The partnership will combine Life Technologies’ Expi293 Expression System for transient transfection with TAP’s ambr advanced micro bioreactor to enable automated high throughput small scale protein expression.
The increased culture consistency and productivity provided by both the Expi293 and ambr systems will offer an exciting new platform for both small volume protein expression screens and optimisation of transient expression conditions.
The ambr system uses realistic scale down bioreactors where culture conditions such as pH and DO are tightly controlled in 48 micro bioreactors (10-15 mL) in parallel, so that protein quality produced by the Expi293F cells cultured in ambr is highly consistent.
The protein generated can be used with confidence in vector optimisation studies, as well as high throughput, small scale functional protein production and protein purification studies.
Dr Sanjay Vasu, Staff Scientist at Life Technologies explained: “Currently with Expi293F cells we’re seeing yields of up to 1g/L, exceeding the expression levels of even bacterial systems. The benefit of this is that scientists will have sufficient protein for analytical studies.
“And since this is a mammalian system, mammalian proteins are more likely to be properly folded and biologically active.”
Dr Barney Zoro, ambr Product Manager at TAP Biosystems added: “Most high throughput protein expression is performed manually in 30mL shake flask cultures or in shaking plates, where there isn’t consistent pH and DO control.

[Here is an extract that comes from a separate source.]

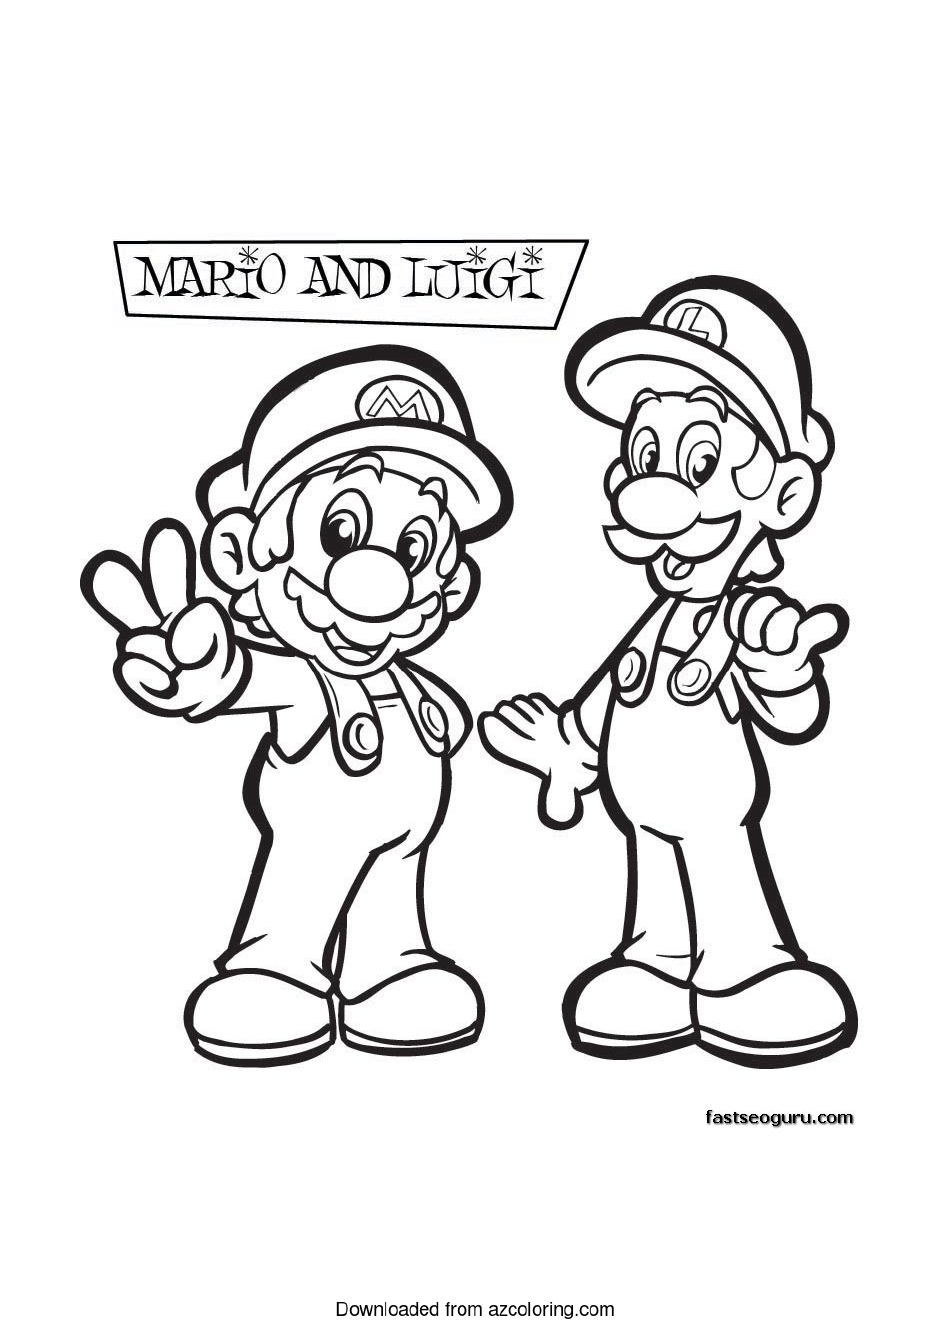 Mario and Luigi Coloring Page - Free Printable

“Manually intensive shake flask workflows are costly to operate, can produce variable results for productivity and protein quality, and often show poor scalability to larger bioreactor cultures. Since the Expi293 Expression System can produce milligram to gram quantities of protein with consistent quality, it is ideal to amplify this with the consistent automation and proven scalability of the ambr system.
“This will enable scientists to rapidly automate the generation of enough protein for analysis from 48 parallel cultures, thus saving laboratory staff time, increasing laboratory capacity and significantly reducing the cost per gram of protein produced.”